Three ideal gases A, B and D were taken in a vessel of constant volume in molar ratio of 1:2:3, resp — Chemical Equilibrium Chemistry Question
Question
Three ideal gases A, B and D were taken in a vessel of constant volume in molar ratio of 1:2:3, respectively, causing the reaction: A(g) + 2B(g) ⇌ C(g). After a long time, when the equilibrium is established, the total pressure was 5/6ᵗʰ of the initial total pressure. At this point, the volume was reduced to half and a catalyst was added starting the reaction: 2C(g) + D(g) ⇌ 2F(g). If at the second equilibrium, moles of A and C are equal and the ratio of equilibrium total pressure at second equilibrium to the equilibrium total pressure at the first equilibrium is 'x:100', then the value of 'x' is
💡 Solution & Explanation
Let initial moles be A=1, B=2, D=3 (Total=6).
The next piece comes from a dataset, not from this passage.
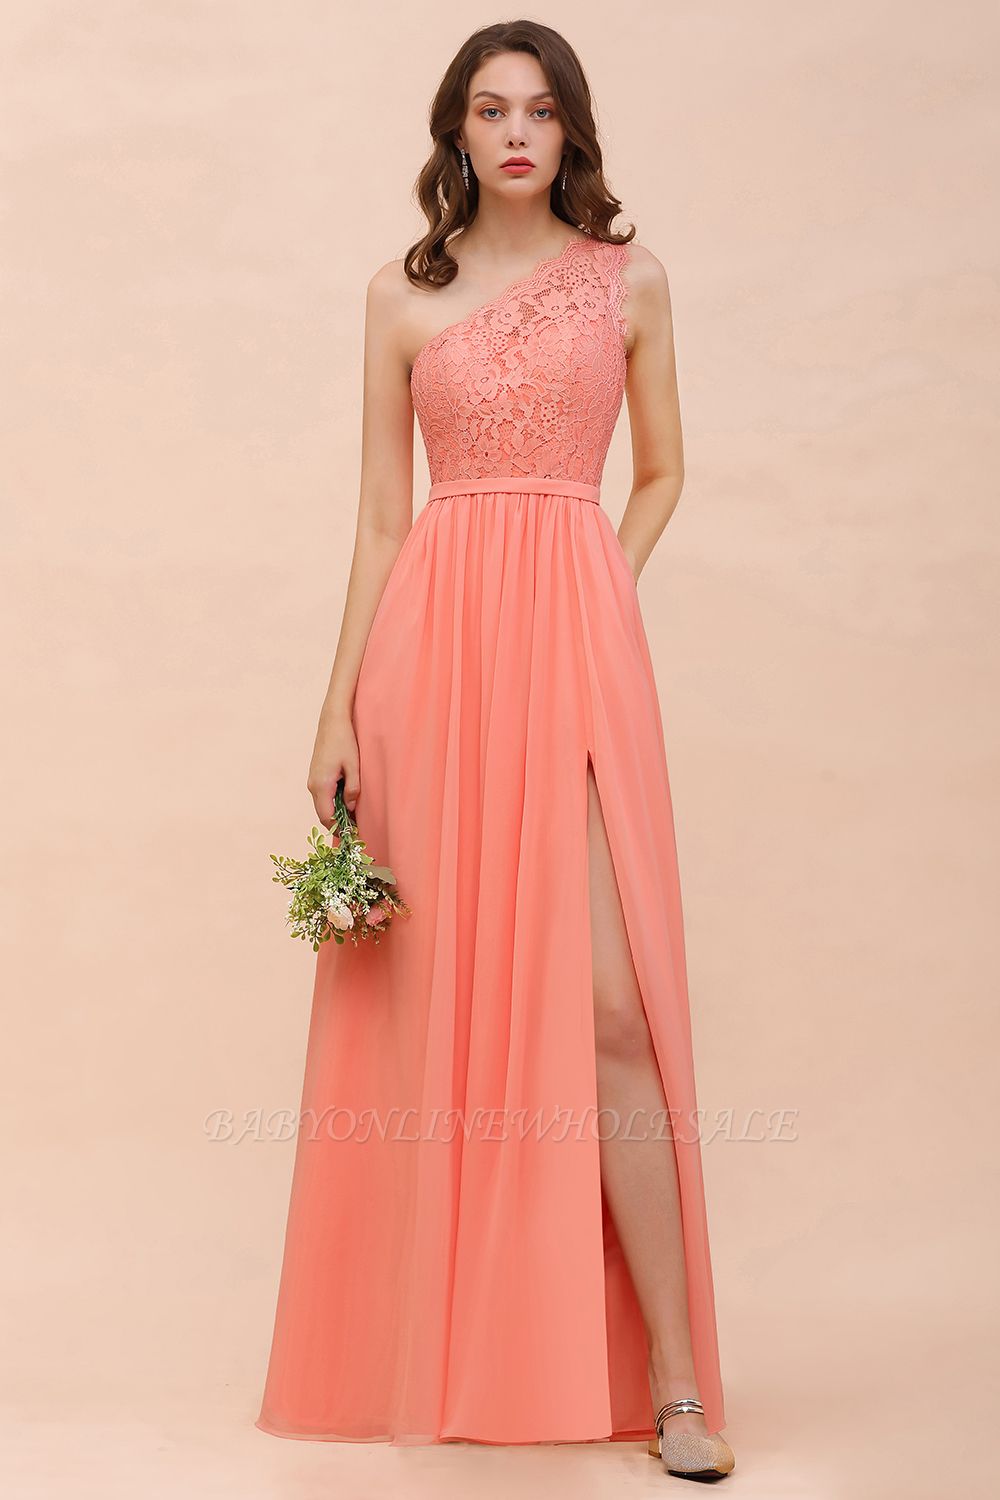 One Shoulder Floral Lace Aline Bridesmaid Dress with Side Slit

Eq 1: A=1-y, B=2-2y, C=y. Total = 6-2y. Given P_eq1 / P_init = 5/6 => 6-2y = 5 => y = 0.5. Eq 1 moles: A=0.5, B=1, C=0.5, D=3. Total = 5. K_p1 for A + 2B ⇌ C requires calculating partial pressures in terms of P1. With V halved, reaction 2 starts, and reaction 1 shifts. Let rxn 1 shift forward by w, rxn 2 forward by z. Moles: A = 0.5-w, B = 1-2w, C = 0.5+w-2z, D = 3-z, F = 2z. Given n(A) = n(C) => 0.5-w = 0.5+w-2z => z=w. K_p1 = P_C / (P_A P_B²) must remain constant. Since P_A = P_C, K_p1 = 1 / P_B². This means P_B must equal its value at Eq 1 (which was 1/5 P1 = 0.2 P1). Total moles n_tot = 5 - 4w + z = 5 - 3w. P2 = (5-3w) × 2 × (P1/5). P_B at eq 2 = (1-2w)/n_tot × P2 = (1-2w) × 0.4 P1. Setting this to 0.2 P1: 0.4(1-2w) = 0.2 => 1-2w = 0.5 => w = 0.25. So z = 0.25. Total moles = 5 - 3(0.25) = 4.25. P2 = 4.25 × 2/5 P1 = 1.7 P1 = 170/100 P1. Thus x = 170. Therefore, correct answer is 0170.